Dezhong Zheng received the B.S. degree and M.S. degree in School of Electrical Engineering, Yanshan University, China, in 1982 and 1988, respectively. He is currently a professor at the Key Lab of Measuring Technology and Instrument of Hebei Province, School of Electrical Engineering, Yanshan University, China. His current research interests include dynamic control system, virtual reality, pattern recognition, virtual instrument, remote control technology, network information technology, and others. He has been an Associate Editor for Chinese Journal of Sensors and Actuators. He is the vice-president of the Computer Aided Design (CAD) Society and the Artificial Intelligence Society in Hebei, China.
Haibo He received the B.S. and M.S. degrees in electrical engineering from Huazhong University of Science and Technology, China, in 1999 and 2002, respectively, and the Ph.D. degree in electrical engineering from Ohio University in 2006. He is currently an Associate Professor at the Department of Electrical, Computer, and Biomedical Engineering, University of Rhode Island. From 2006 to 2009, he was an Assistant Professor at the Department of Electrical and Computer Engineering, Stevens Institute of Technology.
His current research interests include adaptive dynamic programming, computational intelligence, self-adaptive systems, machine learning, data mining, embedded intelligent system design (VLSI/FPGA), and various applications such as smart grid, cognitive radio, sensor networks, and others.

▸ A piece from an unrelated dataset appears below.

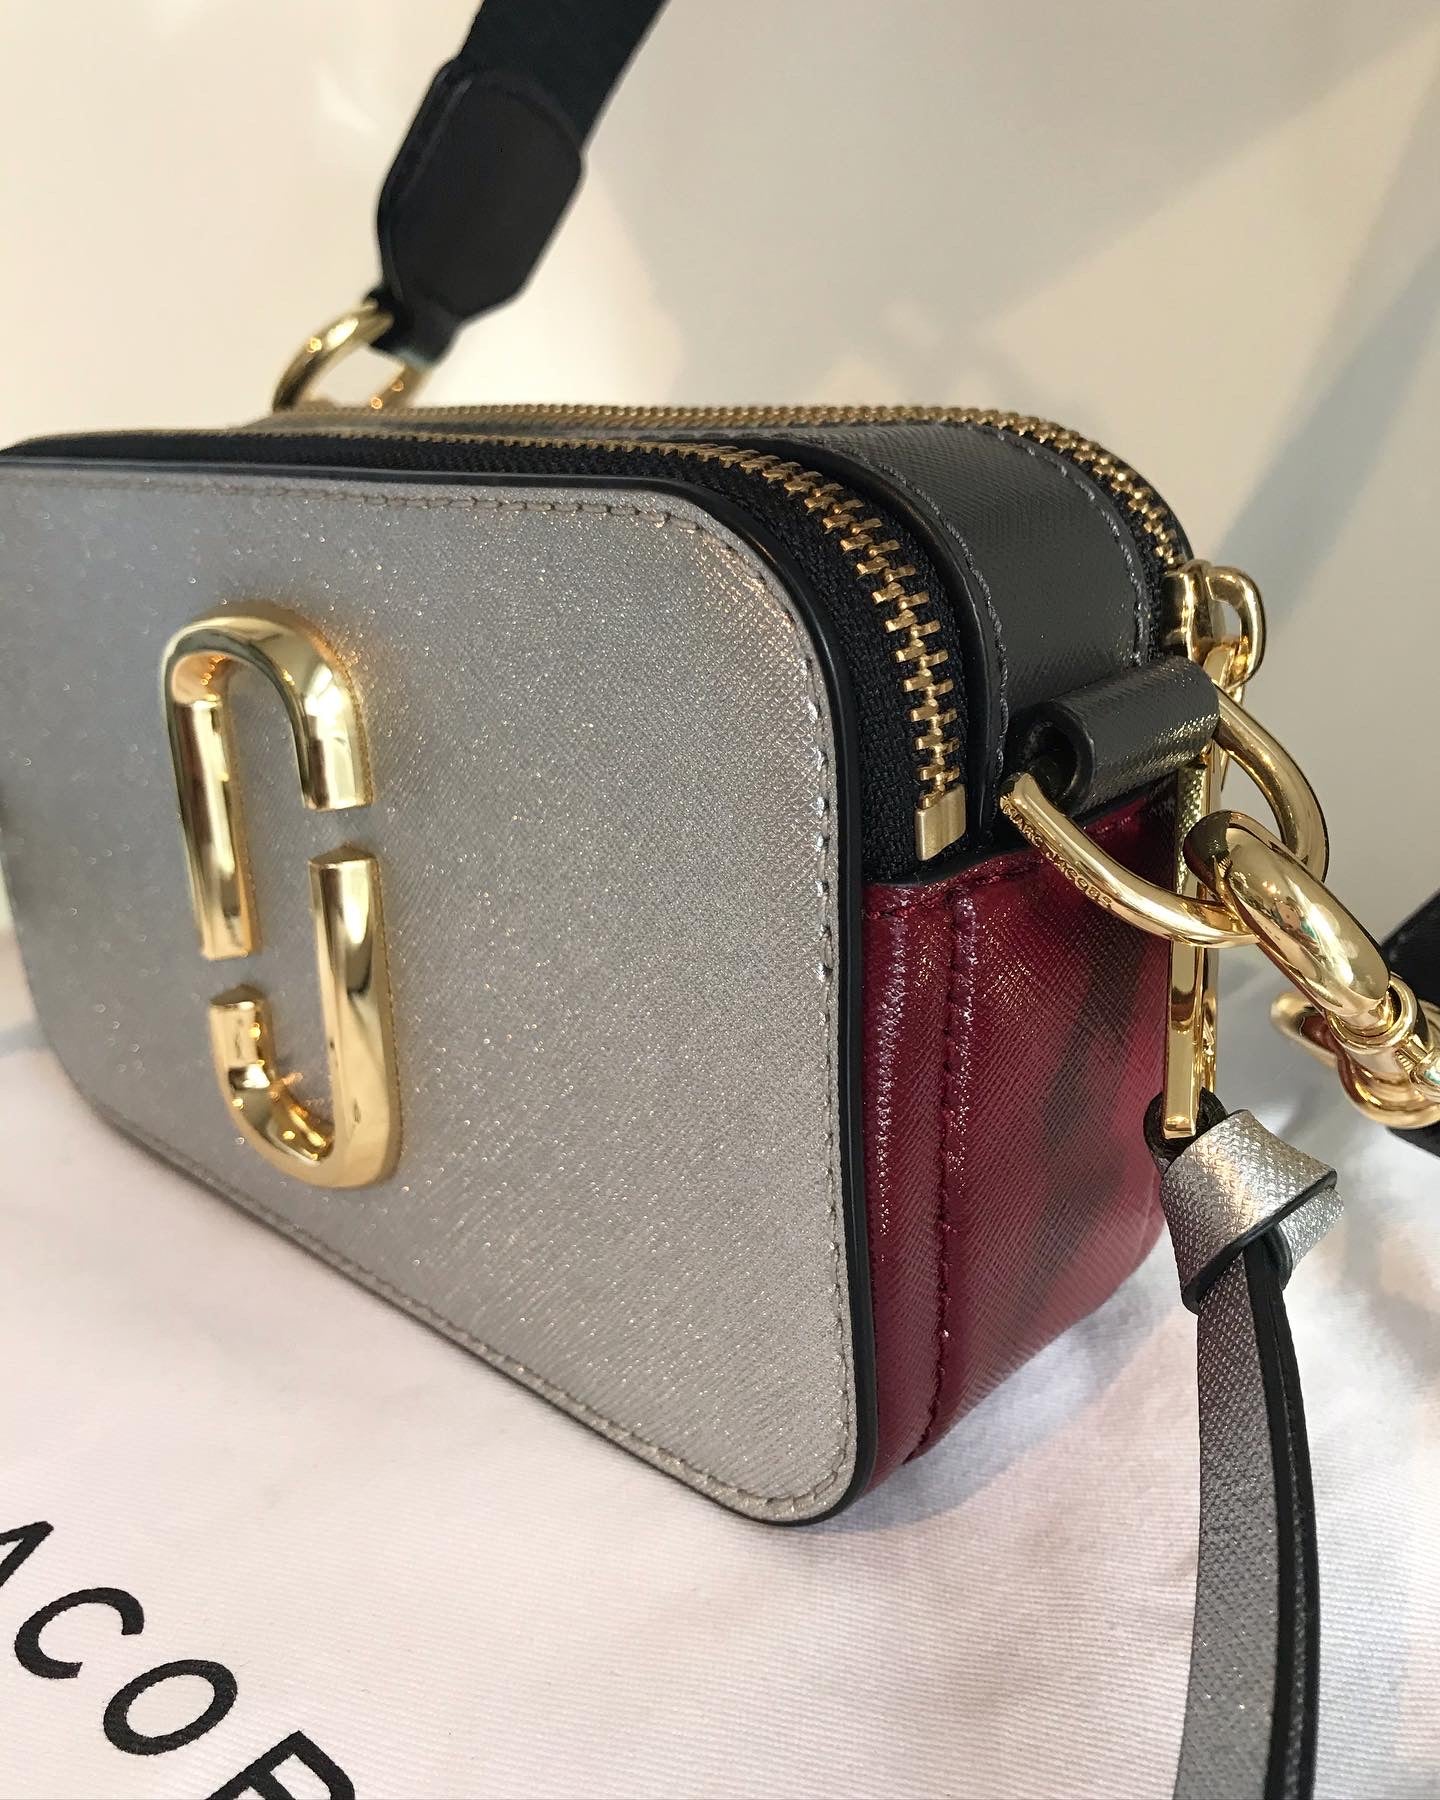 Von Maur on Instagram: Check out the Snapshot by Marc Jacobs! This  must-have crossbody features a modern color block style and adds serious  luxury to any outfit. If you love @marcjacobs, as

He has published 1 sole-author research book (Wiley), edited 1 book (Wiley-IEEE) and 6 conference proceedings (Springer), and authored and co-authored over 120 peer-reviewed journal and conference papers. His research results have been covered by national and international medias such as The Wall Street Journal, Yahoo!, Providence Business News, among others. He has delivered numerous keynote and invited talks. He is currently the Chair of the IEEE Computational Intelligence Society (CIS), Neural Network Technical Committee (NNTC), among others. He regularly serves in the Organizing Committee of various international conferences including the General Chair of the IEEE Symposium Series on Computational Intelligence (SSCI 2014). He has been a Guest Editor for several journals including IEEE Computational Intelligence Magazine, IEEE Transactions on Smart Grid, Cognitive Computation (Springer), Applied Mathematics and Computation (Elsevier), Soft Computing (Springer), among others. Currently, he is an Associate Editor of the IEEE Transactions on Neural Networks and Learning Systems and IEEE Transactions on Smart Grid, and also serves on the Editorial Board for several international journals. He received the National Science Foundation (NSF) CAREER Award (2011) and Providence Business News (PBN) “Rising Star Innovator of The Year” Award (2011). He is a Senior Member of IEEE.
Zhen Ni received the B.S. degree in the Department of Control Science and Engineering from Huazhong University of Science and Technology (HUST), Wuhan, China, in 2010, and the M.S. degree in the Department of Electrical, Computer, and Biomedical Engineering from the University of Rhode Island, Kingston, Rhode Island, in 2012. Currently, he is pursuing Ph.D. degree in the same department.
His research interests include computational intelligence and reinforcement learning, specifically in the adaptive dynamic programming (ADP) and optimal/adaptive control.